Salvador Torres
- Born: Salvador Torres Ortega August 22, 1956 (age 69) Ulea, Murcia, Spain
- Height: 1.73 cm (1 in)
- Weight: 72 kg (159 lb)

Rugby union career
- Position(s): Wing, Centre

Senior career
- Years: Team / Apps / (Points)
- 1976–1990: UE Santboiana

International career
- Years: Team / Apps / (Points)
- 1976–1990: Spain / 60 / (0)

= Salvador Torres (rugby union) =

Spain international rugby union player (b. 1956)

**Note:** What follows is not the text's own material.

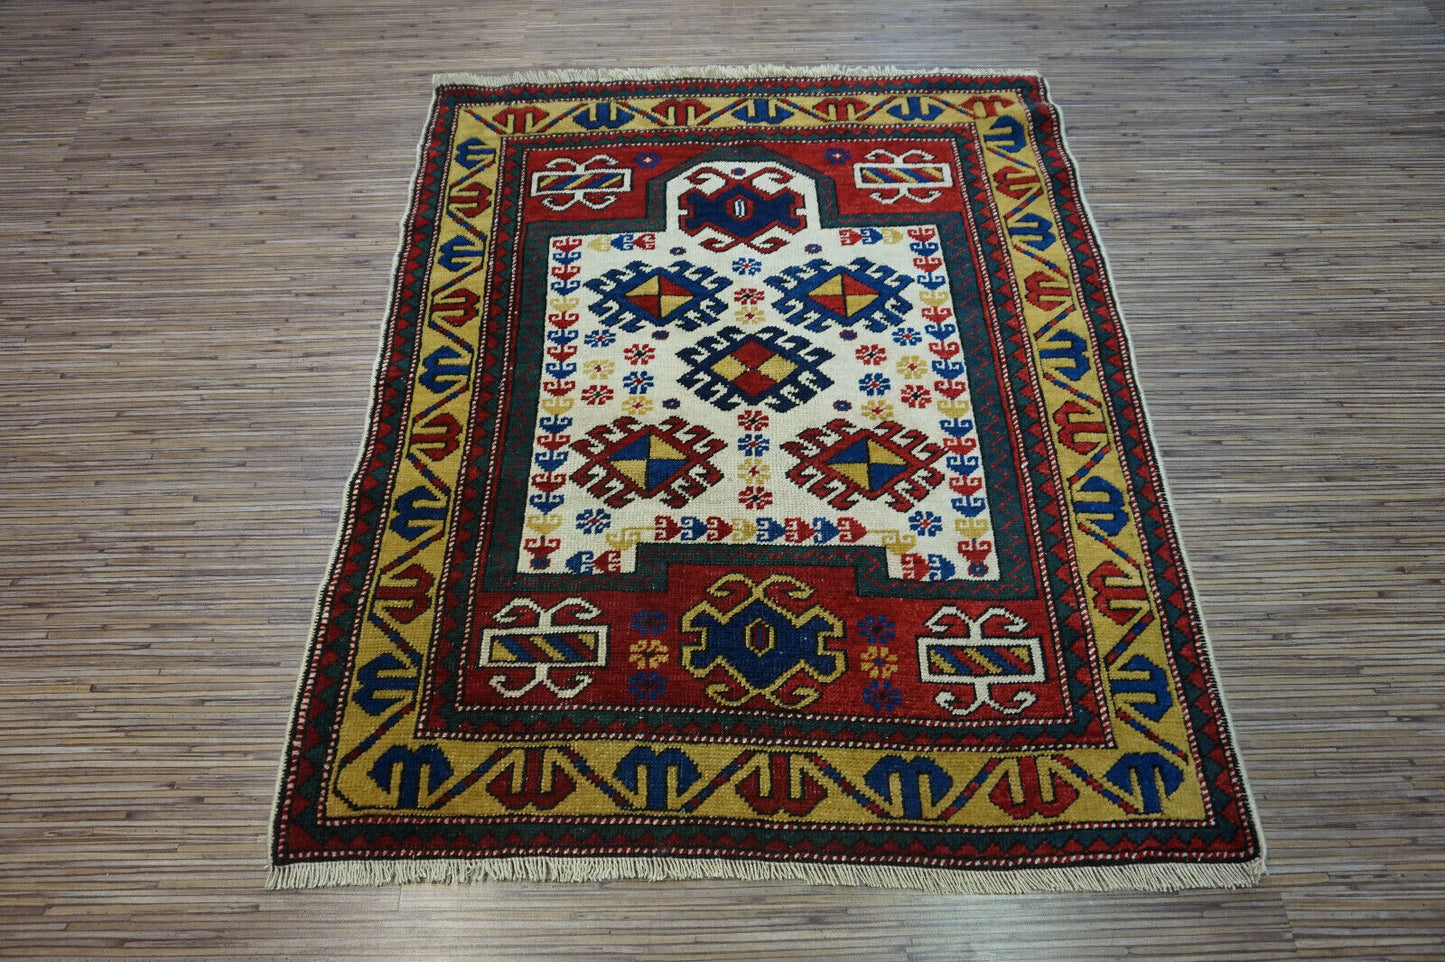 Side angle shot of the Handmade Antique Caucasian Kazak Prayer Rug showcasing size and scale

Salvador Torres Ortega (born in Ulea, on 22 August 1956) is a Spanish former rugby union player, who had 60 caps for Spain between 1976 and 1990. He played as centre and as wing.

== Career ==
Torres left his home village at age 5, and at age 11 he started practicing rugby. He played for his entire career for UE Santboiana, winning as captain the club's league titles in 1983–84, 1986–87 and 1988–89 alongside the Copa del Rey title in 1988–89, among other titles. He was one of the first members of the national rugby sevens team which started competing in the late 1980s. In the senior national team, Torres played 60 matches, much more than anyone else by then, beating Manolo Moriche's record of 59 caps. Torres debuted for Spain during the test match against Scotland XV at Murrayfield, on 19 April 1987, with his final cap being during the test against Scotland A in Seville on 22 December 1990.

In 1995, he became the assistant coach for Spain, back then coached by Bryce Bevin.